Giorgio Cornacchia

Personal information
- Full name: Giorgio Cornacchia
- Born: c. 1925

Playing information
- Height: 5 ft 8.5 in (1.740 m)
- Weight: 12 st 7 lb (79 kg)
- Position: Prop, Hooker
Club
| Years | Team | Pld | T | G | FG | P |
| 1950–≥50 | Torino XIII |  |  |  |  |  |
Representative
| Years | Team | Pld | T | G | FG | P |
| 1950–≥50 | Italy |  |  |  |  |  |

= Giorgio Cornacchia =

Former Italy international rugby league footballer

Giorgio Cornacchia (born c.1925) is an Italian former professional rugby league footballer who played in the 1950s.
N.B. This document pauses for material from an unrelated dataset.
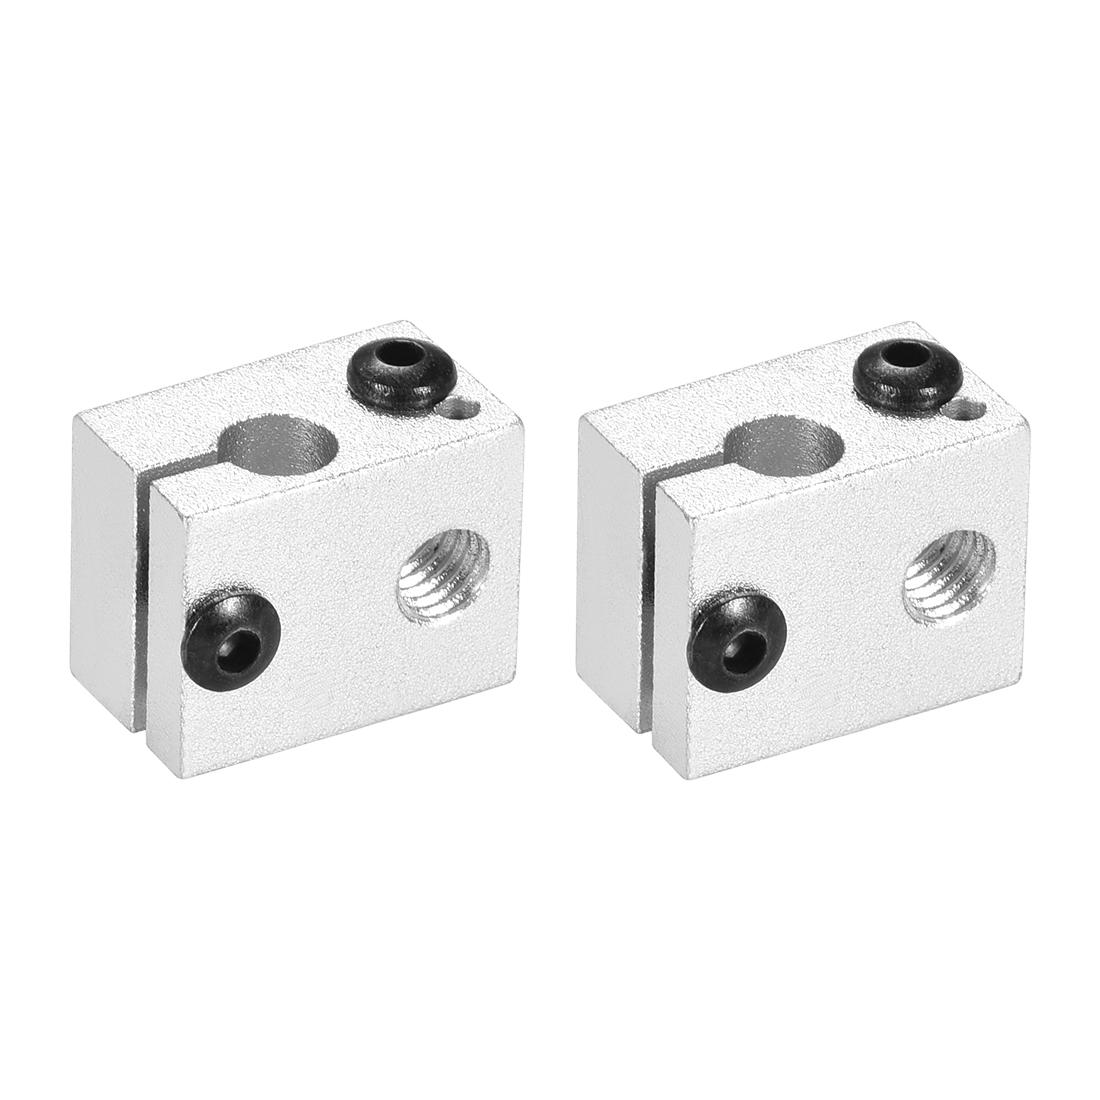 Aluminum Extruder Heater Block, Fit V6 3D Printer Silver 2pcs
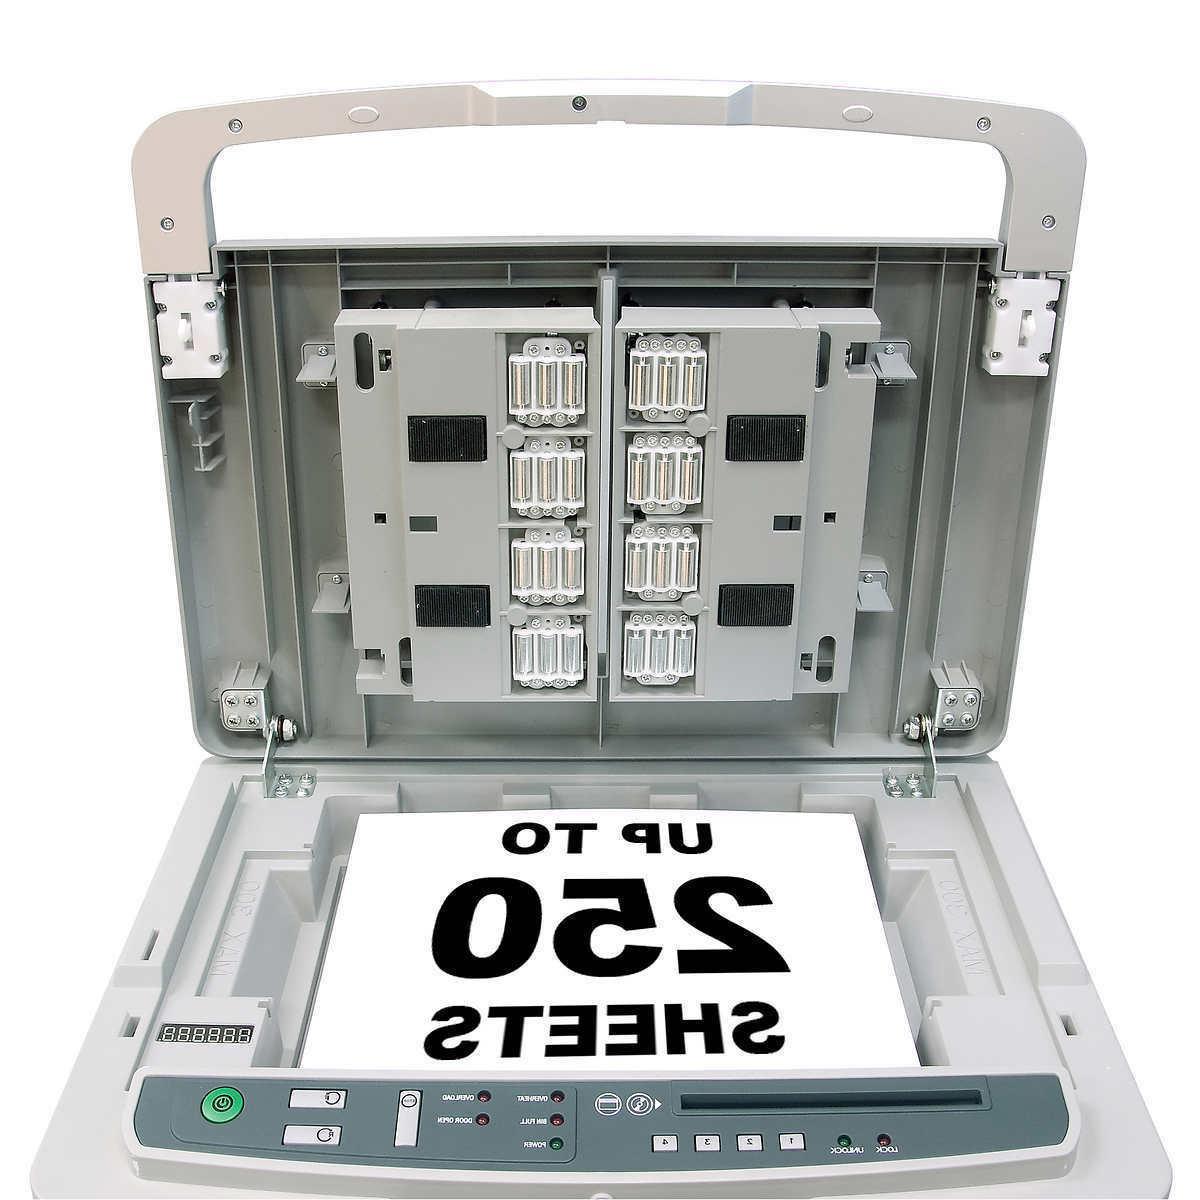 Boxis AutoShred Microcut Shredder

He played at representative level for Italy, and at club level for Torino XIII, as a , or .

==Playing career==
===International honours===
Vincenzo Bertolotto co-organised (with Dennis Chappell , from Wakefield, and a Turin resident), and captained the Italy (RL) tour of 1950 to France (3 matches), England (including; 28-49 defeat by Wigan at Central Park, Wigan on Saturday 26 August 1950, Huddersfield at Fartown Ground, Huddersfield on Wednesday 6 September 1950, St. Helens at Knowsley Road on Thursday 16 November 1950), and Wales (including; 11-29 defeat by South Wales XIII at Brewery Field, Bridgend on Saturday 2 September 1950).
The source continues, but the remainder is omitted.